Now the old lady found her tongue, but only to murmur,—

"I can't even laugh. It's too funny; it's too awfully funny."

"Let me get you a little wine." Electra had put her papers together and now she rose.

Then Madam Fulton found her strength.

"Sit down, Electra," she said. "Why, child, you don't realize—I don't know what you'd do if you did—you don't realize I put that in there by the merest impulse."

"Of course," said Electra kindly. "I understand that. You never dreamed of its having any bearing on things as they are now, they have gone on in this way so long. But it would be shocking to me, shocking, to seem to own this house when it is yours—ethically."

"Don't say ethically. I can't stand it. There, Electra! you're a good girl. I know that. But you're conscience gone mad. You've read George Eliot till you're not comfortable unless you're renouncing something. Take things a little more lightly. You can if you give your mind to it. Now this—this is nothing but a joke. You have my word for it."

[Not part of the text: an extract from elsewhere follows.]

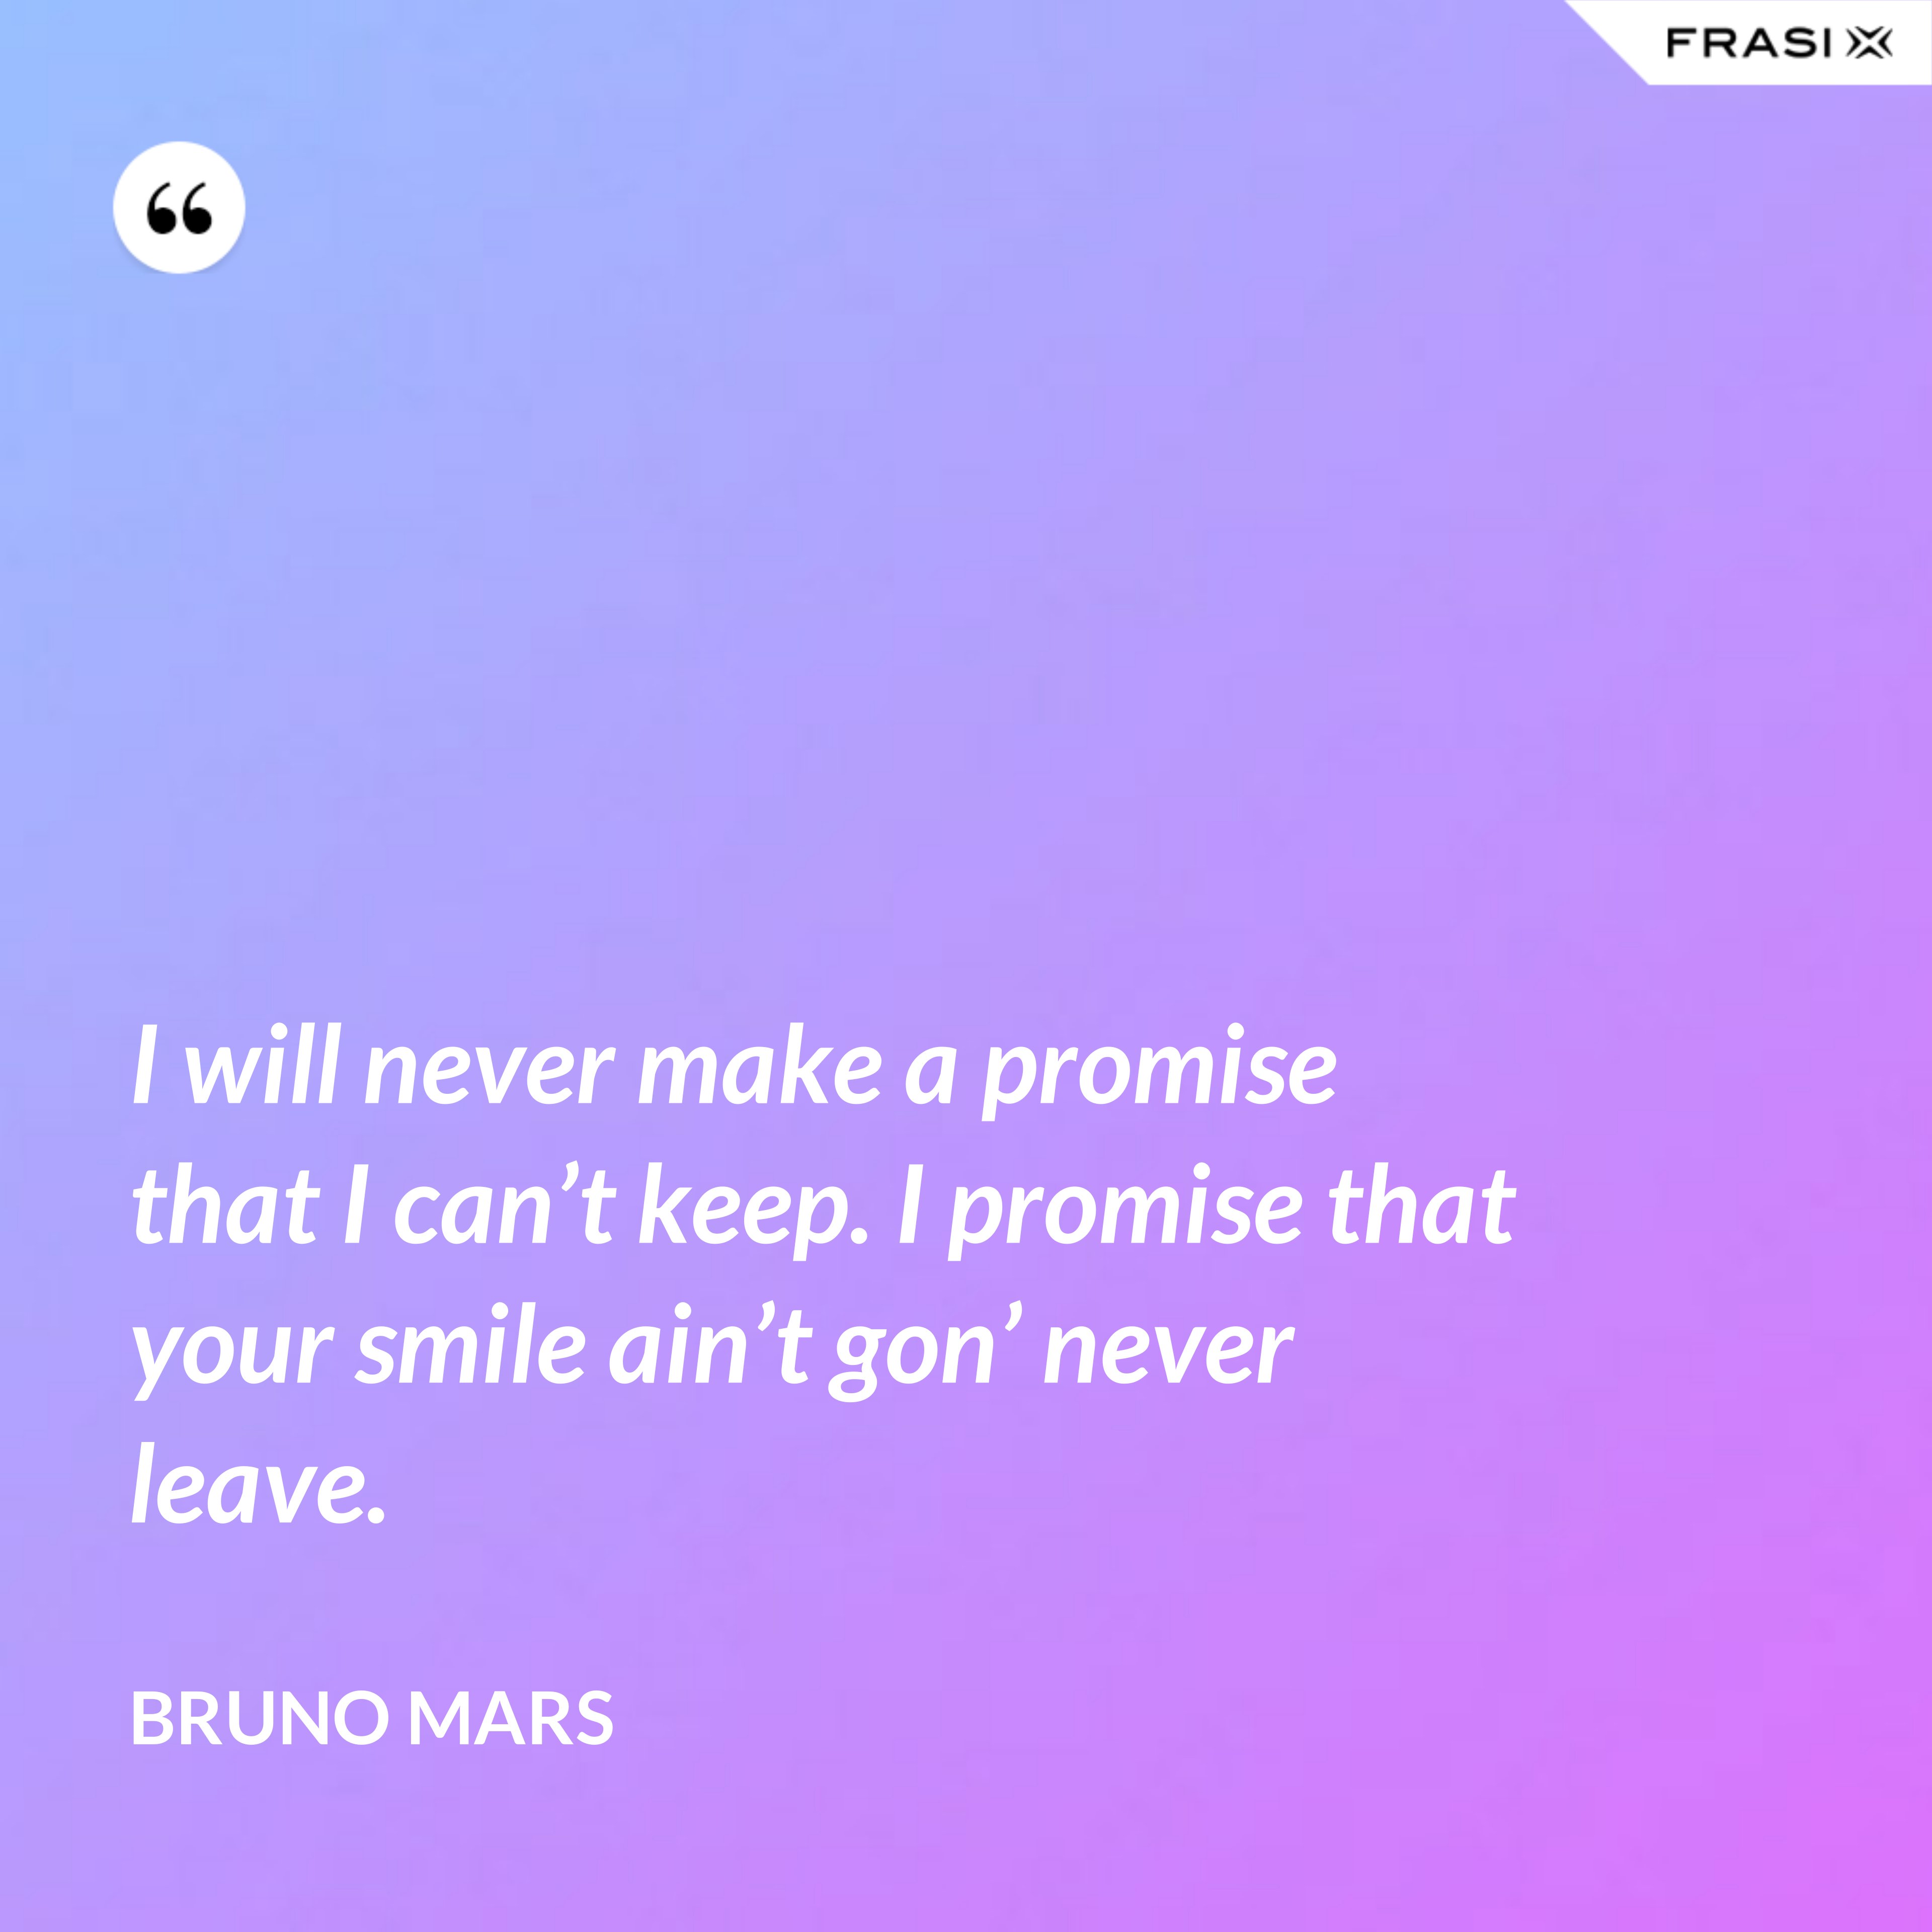 I will never make a promise that I can’t keep. I promise that your smile ain’t gon’ never leave. - Bruno Mars

"It isn't a joke," said Electra firmly, "when grandfather could write that over his own signature and send it to a well-known person. How did it come back into your hands, grandmother?"

But Madam Fulton looked at her, wondering what asylum Electra would put her in, if she knew the truth. She essayed a miserable gayety.

"Very well, Electra," she smiled, "call it so, if you like, but we won't say any more about it. I can't have houses made over to me. I may totter into the grave to-morrow."